E-ISSN 1858-8360 | ISSN 0256-4408
 

Case Report 


SUDANESE JOURNAL OF PAEDIATRICS

2020; Vol 20, Issue No. 2

CASE REPORT

Vitamin K deficiency bleeding of newborn masquerading haemophilia B

Mritunjay Kumar (1), Sidharth Kumar (1), Shivani Bajpayi (2), Rashmi Kumari (3)

(1) Department of Pediatrics and Neonatology, Apollomedics Super Speciality Hospitals, Lucknow, India

(2) Department of Neonatology, Sanjay Gandhi Post Graduate Institute of Medical Sciences, Lucknow, India

(3) Department of Community Medicine, Dr RML Institute of Medical Sciences, Lucknow, India

Correspondence to:

Mritunjay Kumar

Department of Pediatrics and Neonatology, Apollomedics Super Speciality Hospitals, Lucknow, India.

Email: drmkumar409 [at] gmail.com

Received: 17 March 2020 | Accepted: 25 May 2020

How to cite this article:

Kumar M, Kumar S, Bajpayi S, Kumari R. Vitamin K deficiency bleeding of newborn masquerading haemophilia B. Sudan J Paediatr. 2020;20(2):176–180.

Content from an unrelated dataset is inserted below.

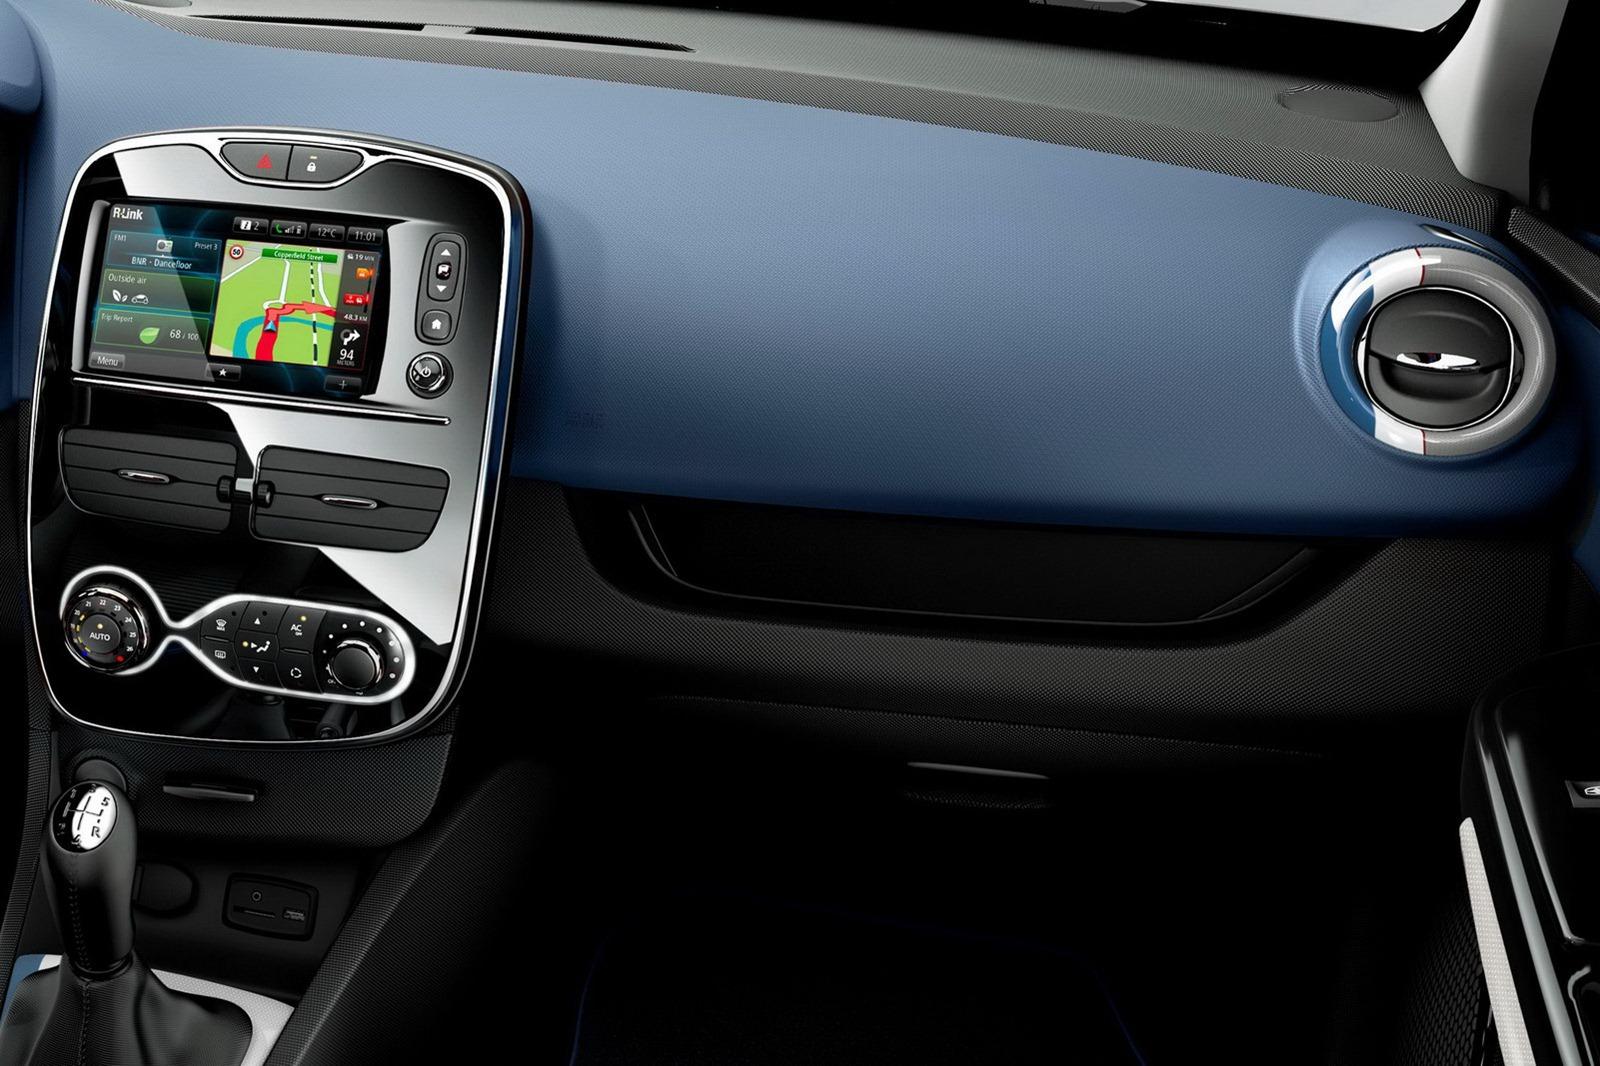 Renault Clio 2013 nuove immagini
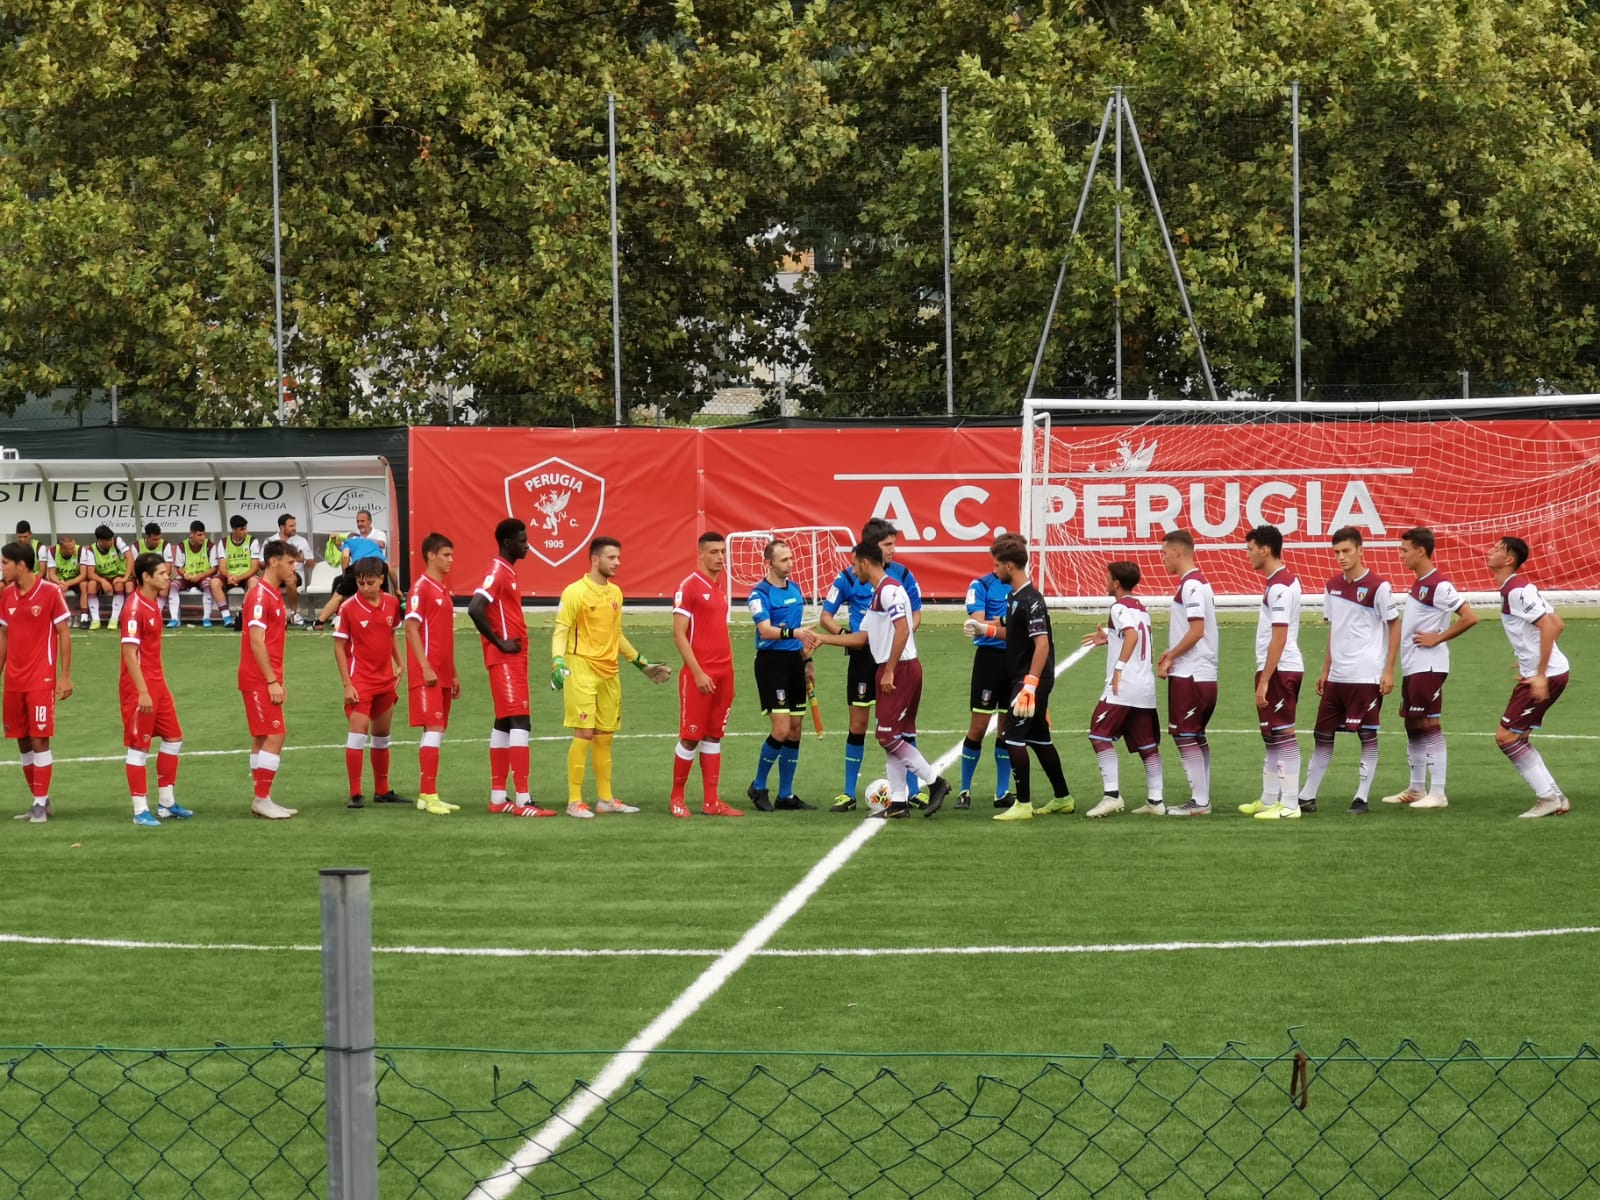 Coppa Italia Primavera: Perugia-Salernitana 4-5 dcr   A.C ...

https://doi.org/10.24911/SJP.106-1584209747


ABSTRACT

The term infant is remarkably resistant to bleeding despite physiologically low levels of procoagulant proteins. However, because of their unique haemostatic systems, neonates are vulnerable to haemorrhagic disorders. The prevention of early vitamin K deficiency bleeding (VKDB) of newborn by oral or parenteral administration of vitamin K has been well established. However, rarely, a newborn can present with bleeding manifestations even after routine vitamin K prophylaxis at birth. A 2-day-old healthy male baby presented with catastrophic pulmonary haemorrhage with severely deranged coagulation profile even after receiving vitamin K prophylaxis at birth. His presentation, initial laboratory findings and course in the hospital were very much in favour of haemophilia B, but follow-up factor IX level and clinical exome sequencing did not confirm it. However, protein induced in vitamin K absence-II was found to be raised just before the discharge, and we concluded this case as a rare presentation of classical VKDB.


KEYWORDS

Newborn; Bleeding; Vitamin K deficiency bleeding (VKDB); Protein induced in vitamin K absence-II (PIVKA-II); Haemophilia.


INTRODUCTION

Healthy newborns can present with bleeding episodes during their 1st week of life due to early vitamin K deficiency bleeding (VKDB). There are multiple factors responsible for their vulnerability for vitamin K deficiency including limited placental transfer, decreased liver stores, poor gut colonization and its deficiency in breast milk. Although newborns are supposed to be protected from early VKDB after routine Vitamin K prophylaxis at birth, current evidence are not very strong in its efficacy in controlling late VKDB [1]. Commonly these babies present with bleeding from gastrointestinal (GI) tract, umbilicus and venous puncture sites [2]. It rarely presents with intracranial haemorrhage and hardly presents with pulmonary haemorrhage (PH). Here, we present a case, where a 2-day-old previously healthy male baby presented to us with massive PH, gross haematuria and upper GI bleeding. His presentation, clinical course during hospitalization and most of the laboratory findings were very much suggestive of haemophillia B till the time when levels of proteins induced in vitamin K absence -II (PIVKA-II) was found to be raised. Clinical exome sequencing couldn’t detect any pathogenic variant suggestive of haemophilla B. We finally diagnosed this case as a very rare presentation of classical VKDB.


CASE REPORT

A 2-day-old male baby was referred to us at 48 hours of life in a gasping state with profuse bleeding through the endotracheal tube (Figure 1a). At admission, the baby was severely pale and had cold extremities and feeble pulses with SpO2 <40 % on room air. After initial resuscitation, he was started on high-pressure mechanical ventilation and vasopressor support. Sepsis profile, coagulation profile and other relevant biochemical evaluations were sent. He was also started on broad-spectrum intravenous antibiotics and other supportive management. Chest X-ray (CXR) on admission showed focal ground-glass opacities and later complete ‘white-out lungs’ suggestive of massive PH (Figure 1b).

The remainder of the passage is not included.